Provided material -
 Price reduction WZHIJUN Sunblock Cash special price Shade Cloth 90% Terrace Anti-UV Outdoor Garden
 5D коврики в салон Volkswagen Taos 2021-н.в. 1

...

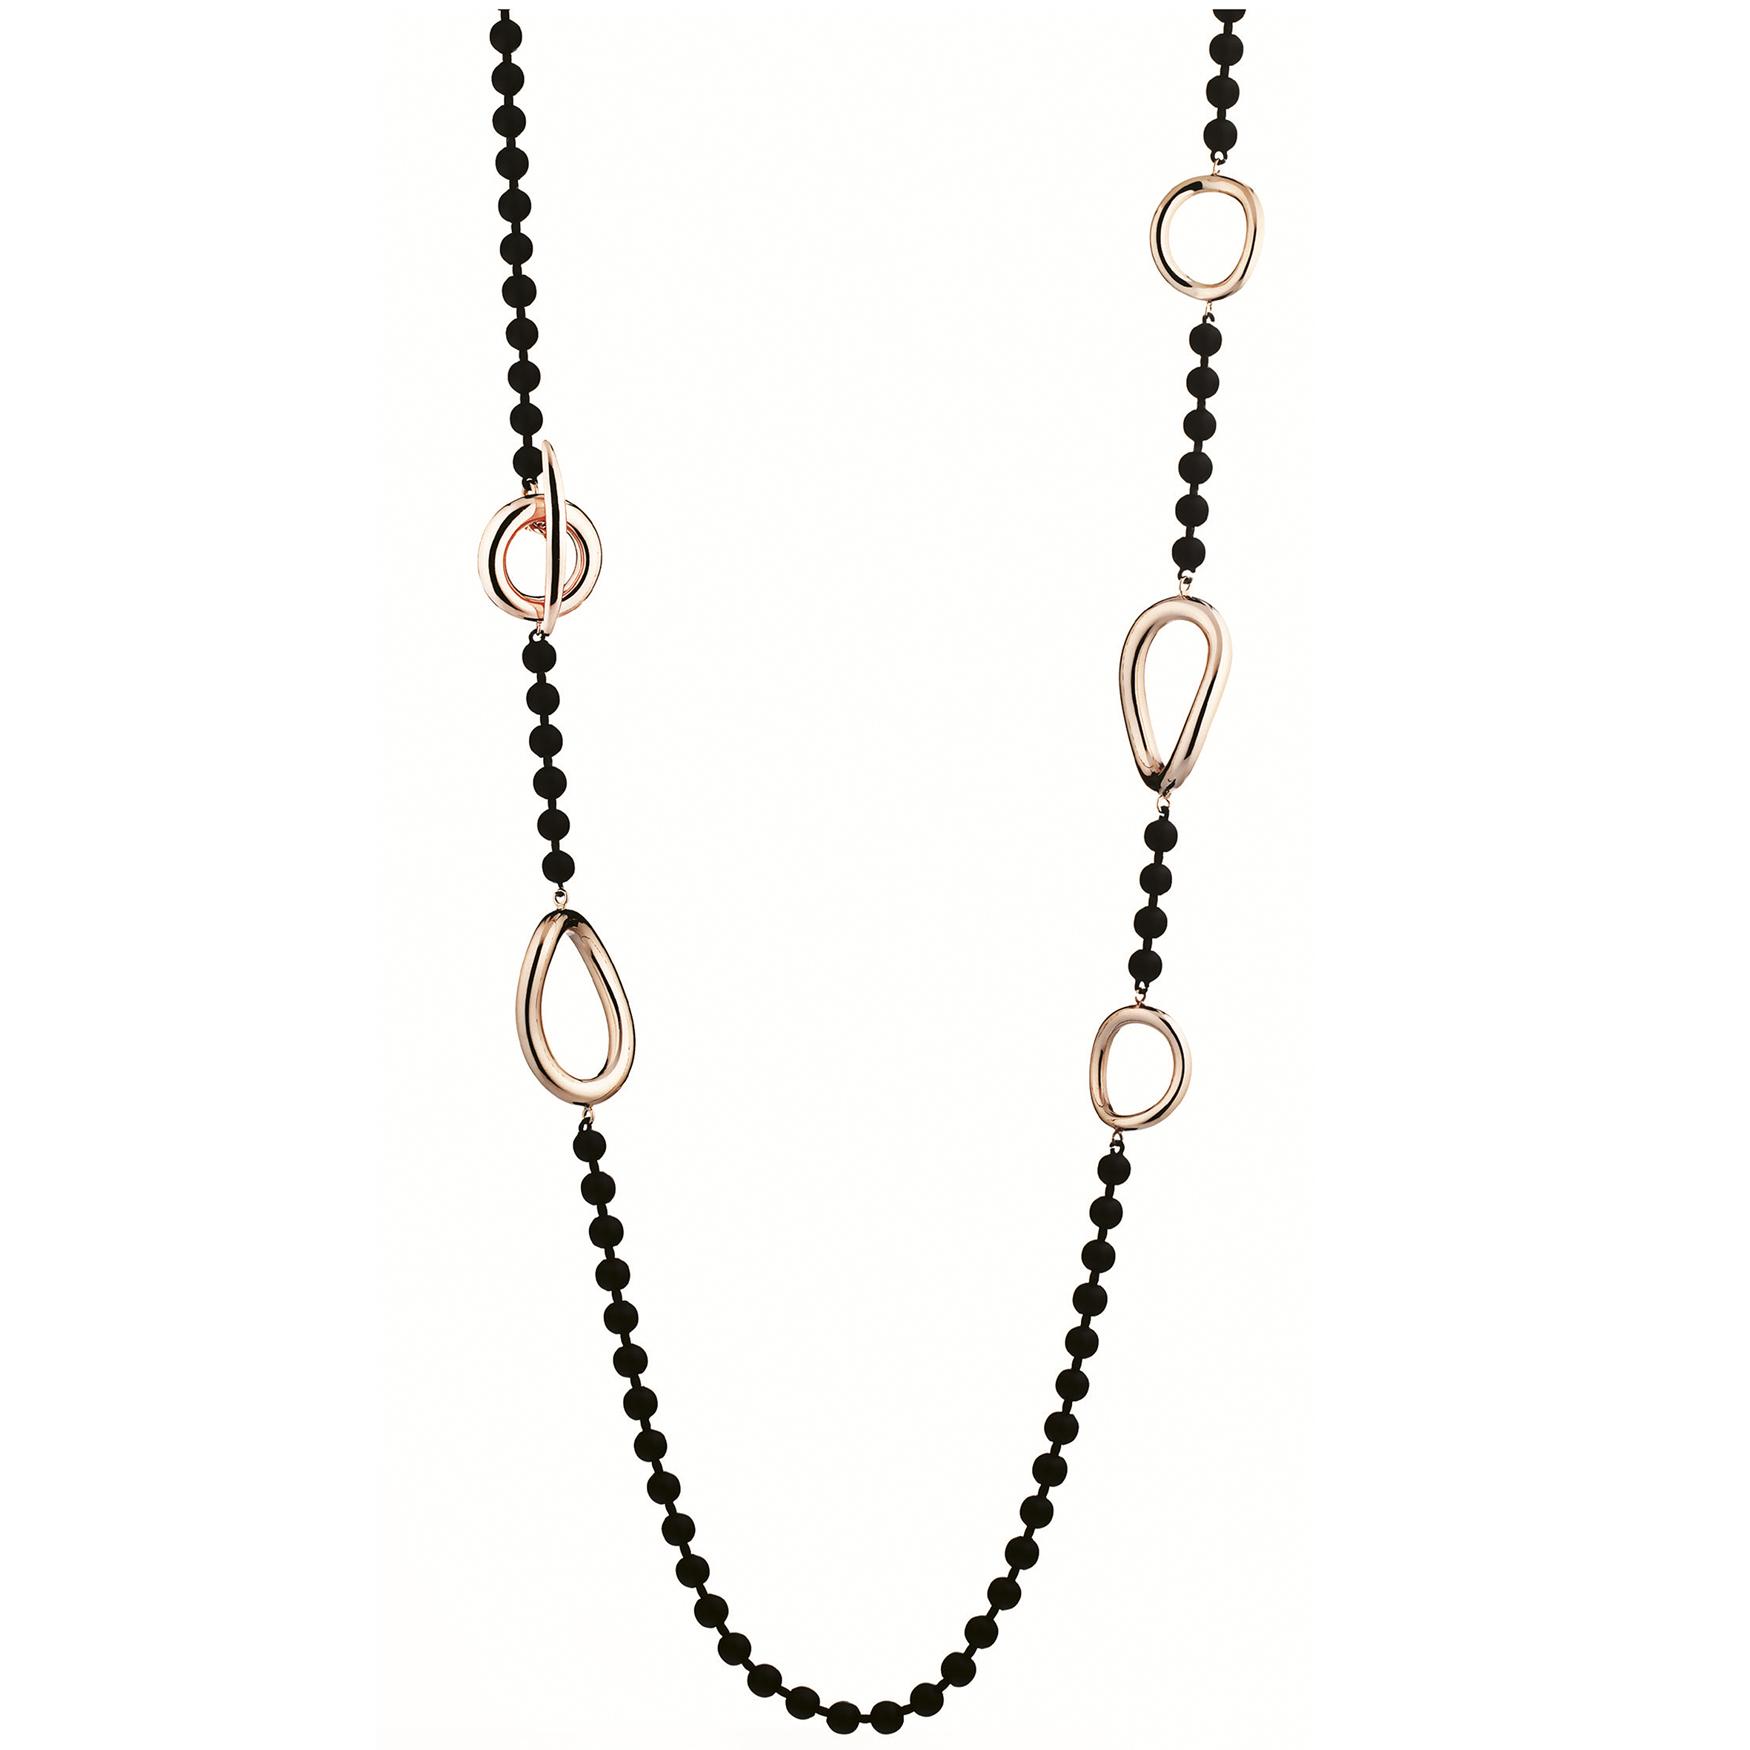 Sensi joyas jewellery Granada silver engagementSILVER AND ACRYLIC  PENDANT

Your instructions -
Once you find the line with "Price reduction WZHIJUN" above, print it and every line after it up to and including the line with "5D коврики в", exactly as written and nothing else.

Exercise output -
 Price reduction WZHIJUN Sunblock Cash special price Shade Cloth 90% Terrace Anti-UV Outdoor Garden
 5D коврики в салон Volkswagen Taos 2021-н.в. 1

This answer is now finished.